▶ **STORED DATA**:

# # #

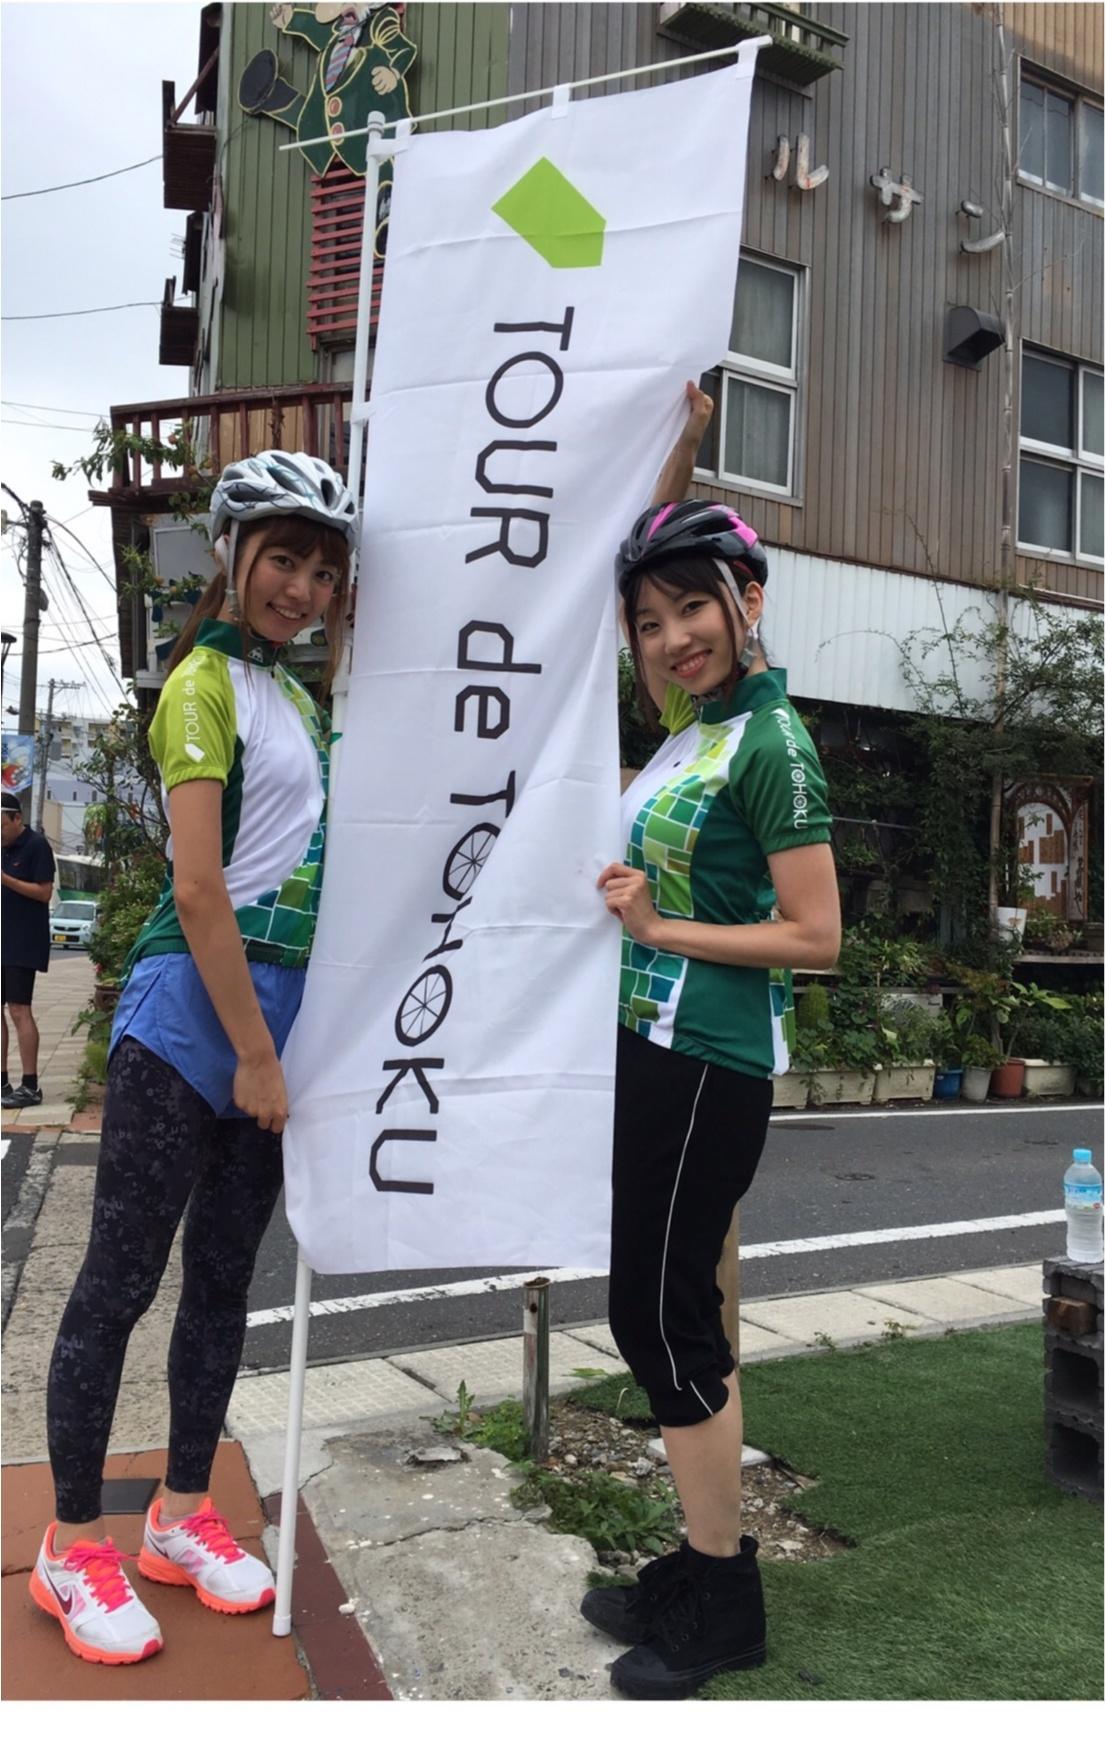 【MORE12月号】ツール・ド・東北2016☺石巻を電動自転車でラクラク周遊しちゃいました♪_12
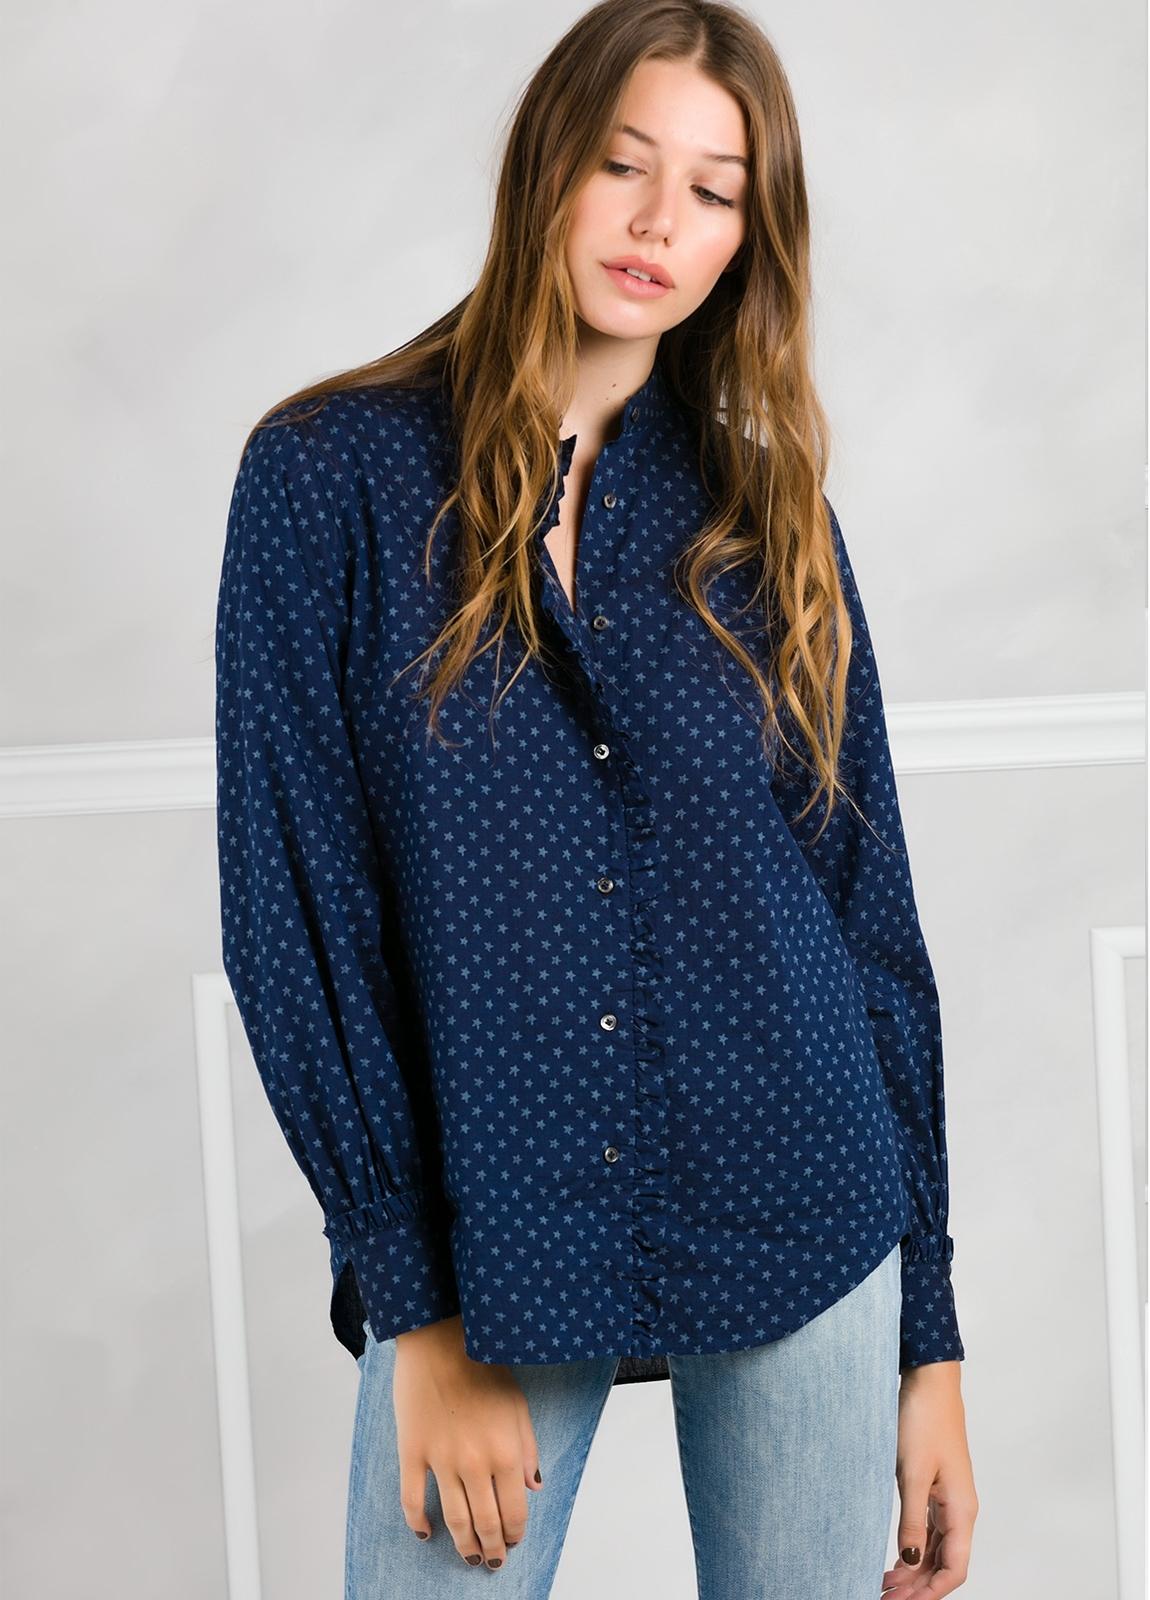 Camisa woman modelo SHEILAJ estampado estrellas color azul tinta.
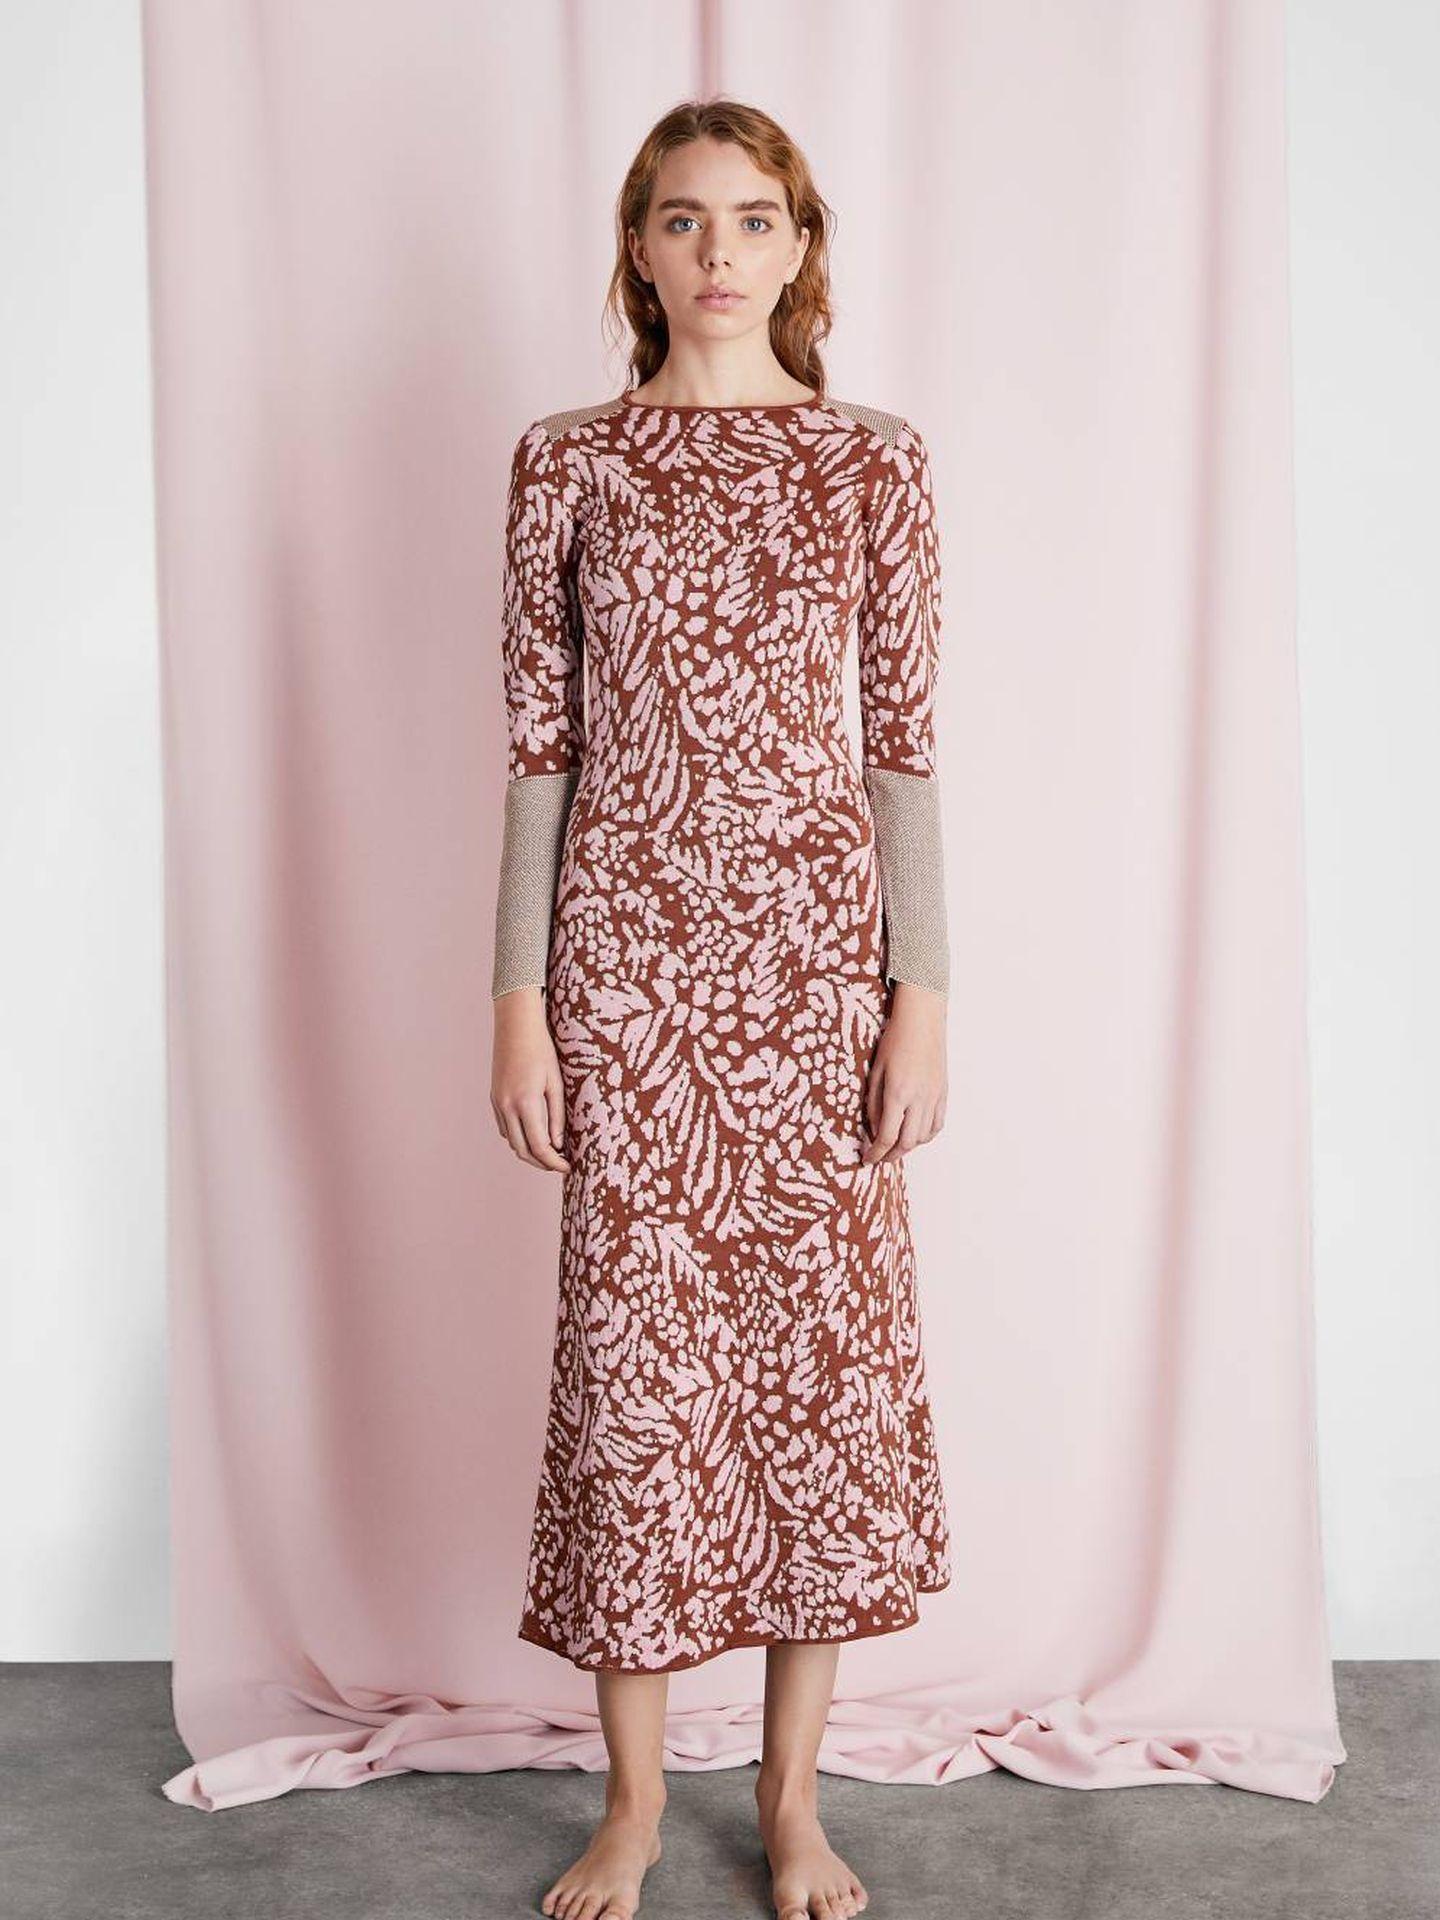 El vestido de Eugenia. (Cortesía)

# # #

▶ **DESCRIPTION OF THE TASK**: Print the listing exactly, but skip its pictures.

▶ **RESPONSE**:
 【MORE12月号】ツール・ド・東北2016☺石巻を電動自転車でラクラク周遊しちゃいました♪_12
 Camisa woman modelo SHEILAJ estampado estrellas color azul tinta.
 El vestido de Eugenia. (Cortesía)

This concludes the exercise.